An opportunity for foreign groups comes from their expertise and access to Information Technology. In its July 2010 review of the industry, Rosgosstrakh noted that the types of insurance with the highest potential in Russia are real estate insurance, motor CASCO, voluntary health insurance, accident and life insurance. The development of these lines will require investment and the technical re-equipment of insurance companies.
Russias Insurance Sector In 2010
Despite the optimism for the Russian insurance sector expressed by Rosgosstrakh (which, subject to the qualifications discussed above, BMI shares) there appears to be no common view among the various key players on the medium-term prospects for the market. ING Life announced in September 2009 that it would cease its operations in Russia, and sold its portfolio of clients to Allianz ROSNO. Shortly afterwards, Fortis announced that it would close its Russian business, which did not appear likely to reach the required scale and profitability level within Fortis timescale. Although Russias miniscule life sector has tended to be dominated by foreign companies, the foreign majors, or at least some of them, appear to have taken the view that Russia is not a market in which they need to have a presence. CiV Life, part of the German Talanx Group, wrote gross premiums of RUB700mn in the first nine months of 2008, and publicly reiterated in late December 2009 that it is committed to developing its business in Russia.
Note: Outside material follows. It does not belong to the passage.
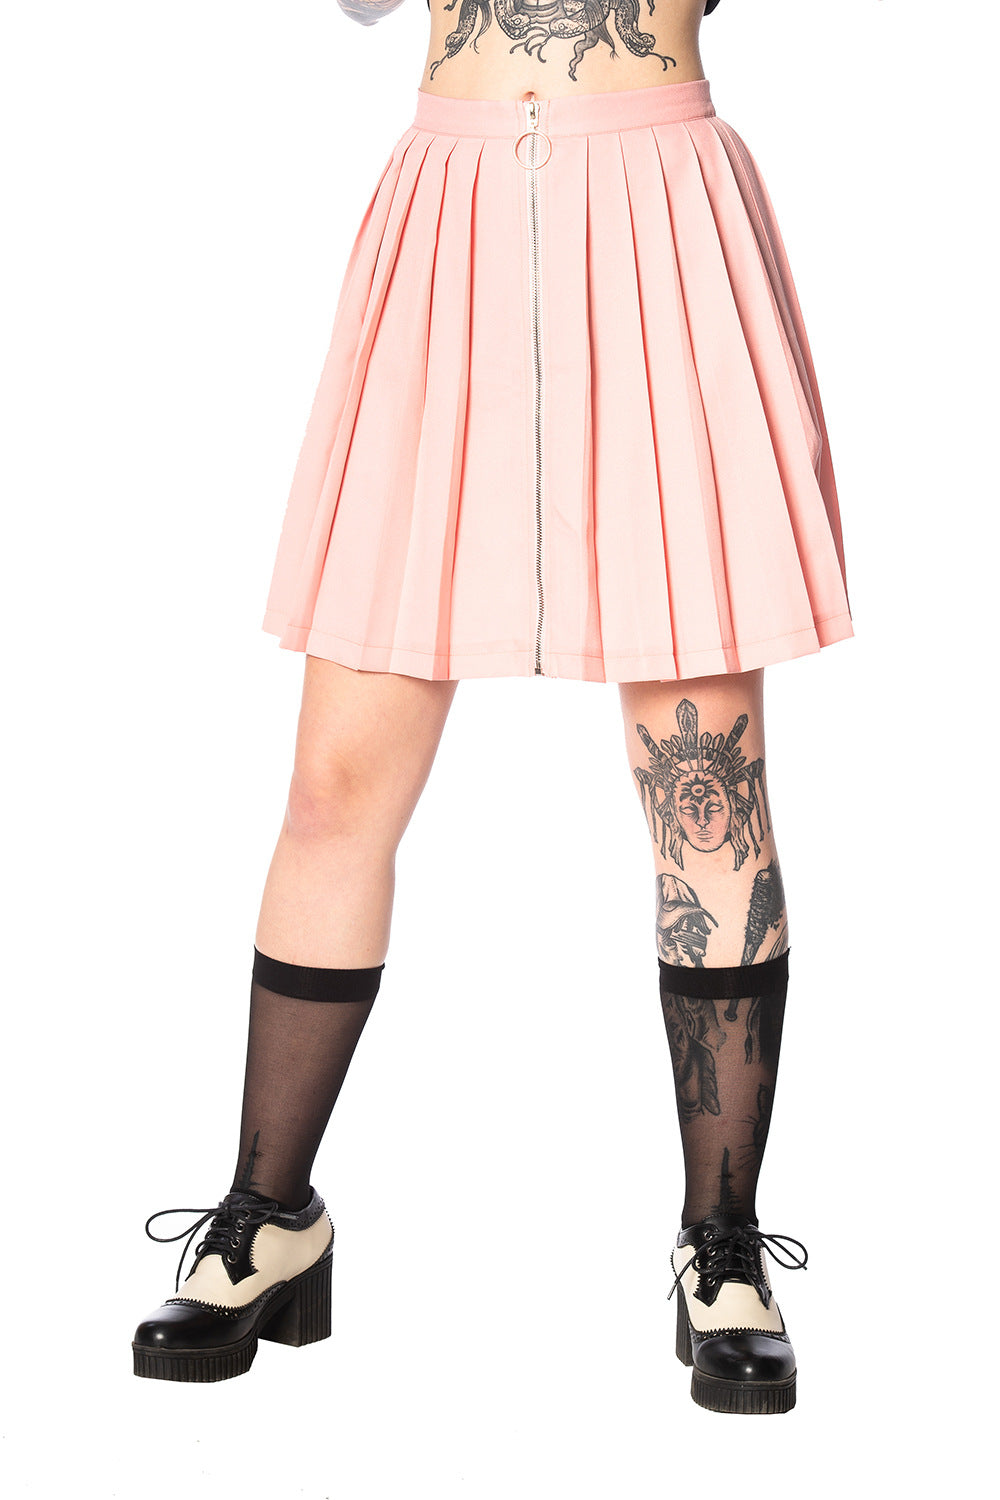 Banned Alternative Urban Vamp Pleats Skirt

In contrast, some of the Russian insurers are expanding, if only into particular niches. Ingosstrakh announced in mid-November 2009 that it is launching a credit insurance business, which will be structured as a joint venture (JV) with the Belgian public export credit agency ONDD. In mid-2009 SOGAZ confirmed that it had finalised the acquisition of Sheksna Group, whose gross premiums amounted to just less than RUB6bn in 2008. At the end of 2009, Soglassye announced that its sole shareholder, entrepreneur Mikhail Prokhorov, had decided to increase the companys authorised capital by RUB500mn, to RUB2.8bn.
Issues To Watch
Capital Increases
Press reports indicated in December 2009 that the FSIS is contemplating an increase in the basic statutory capital of an insurance company by 300%, to RUB120mn. The minimum capital for life insurers could increase to RUB240mn, while that of reinsurance companies could increase to RUB480mn. This could result in a dramatic reduction in the number of insurers operating in Russia.
Organised Savings
Russia is emphatically not the only country in Central and Eastern Europe to have suffered a double-digit decline in life premiums in 2009. However, it is the only one to have suffered shrinkage in a segment that is miniscule by any standard. The decline in voluntary insurance in general, and in life insurance in particular, augurs ill for the long-term development of pensions and other forms of organised savings in Russia.
Compliance With Laws Governing Compulsory Insurance
CMEI and CMTPL are the two lines which have underpinned the growth (or prevented a contraction) of the non-life segment. Premiums in these areas will remain firm provided that Russians continue to comply with the relevant laws.